2. Será que o Estado deve arranjar – quase como obrigação moral abstrata e universal – casa para todos? Não será demasiado estatizante uma visão em que o senhorio seja – quase exclusivamente – o Estado-patrão? Como conciliar iniciativa privada e intervenção governamental neste tema da habitação? Serão tão inconciliáveis, habitação social e habitação própria? Não haverá uma certa diabolização, neste como noutros setores, entre a ação estatal e a iniciativa privada? Não seria mais avisado encontrar linhas de conciliação do que andarmos nesta dialética nefasta e inconsequente? Certas reações do governo às críticas – tanto do PR como das oposições – quanto às suas propostas não deixam a nu alguns tiques de totalitarismo à antiga?

3. Desde março deste ano que o governo tem desenvolvido – com pompa e várias circunstâncias – legislação para o setor da habitação. No passado mês de julho foi aprovado o diploma no parlamento. Por estes dias o Presidente vetou o pretendido. Eis as razões apresentadas: «nem no arrendamento forçado, nem no alojamento local, nem no envolvimento do Estado, nem no seu apoio às cooperativas, nem nos meios concretos e prazos de atuação, nem na total ausência de acordo de regime ou de mínimo consenso partidário, o presente diploma é suficientemente credível quanto à sua execução a curto prazo, e, por isso, mobilizador para o desafio a enfrentar por todos os seus imprescindíveis protagonistas - públicos, privados, sociais, e, sobretudo, portugueses em geral».

Apesar de um amplo consenso nas observações, o partido que suporta o governo promete re-aprovar o texto, sem rebuscos nem emendas…Quando a razão não tem força, é usada a força sem razão! Na hora própria se dará o julgamento… Estando perante um assunto de capital importância não seria de bom senso procurar mais unanimidade, despojando de conotação ideológica um tema essencial para o conjunto da população?

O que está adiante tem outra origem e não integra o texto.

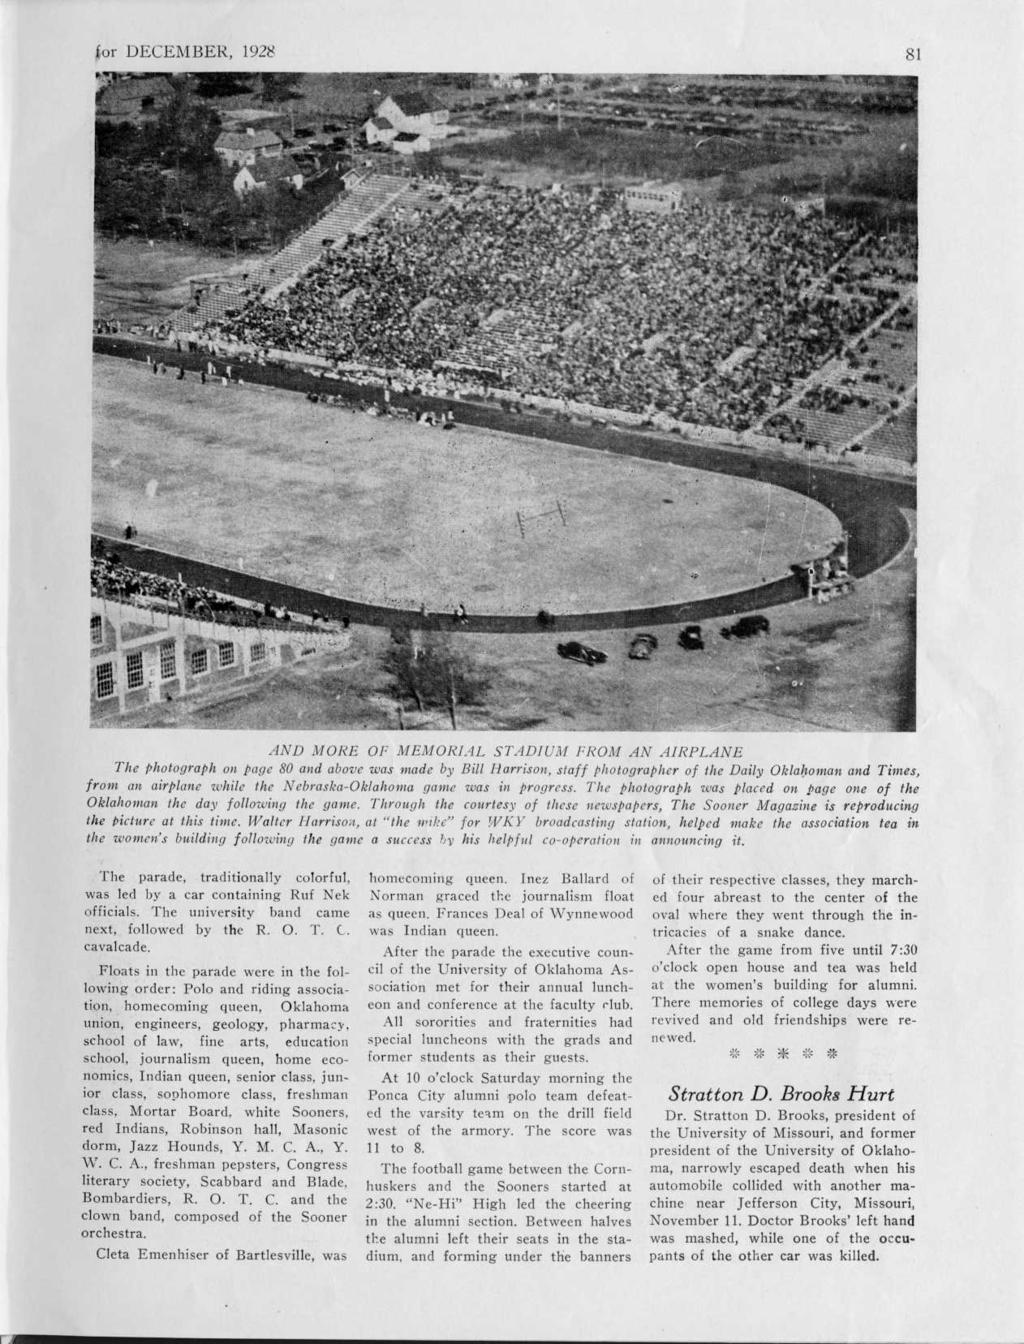 for DECEMBER, 1928 8 1 AND MORE OF MEMORIAL STADIUM FROM AN AIRPLANE The photograph on page 80 and above was made by Bill Ilarrison, staff photographer of the Daily Oklahoman and Times, front an

4. O que diz o magistério da Igreja católica sobre a habitação, como direito fundamental e, por que não, fundacional da pessoa e da sociedade? Escreve o Papa Francisco: «A falta duma habitação digna ou adequada leva muitas vezes a adiar a formalização duma relação. É preciso lembrar que «a família tem direito a uma habitação condigna, apropriada para a vida familiar e proporcional ao número dos seus membros, num ambiente fisicamente sadio que proporcione os serviços básicos para a vida da família e da comunidade». Uma família e uma casa são duas realidades que se reclamam mutuamente. Este exemplo mostra que devemos insistir nos direitos da família, e não apenas nos direitos individuais. A família é um bem de que a sociedade não pode prescindir, mas precisa de ser protegida. (…) As famílias têm, entre outros direitos, o de «poder contar com uma adequada política familiar por parte das autoridades públicas no campo jurídico, económico, social e fiscal» (Exortação apostólica pós-sinodal ‘Amoris laetitia’ sobre o amor na família, nº 44).

Aprendamos a pensar e a viver sem teias nem peias, mas segundo os valores humanistas do Evangelho!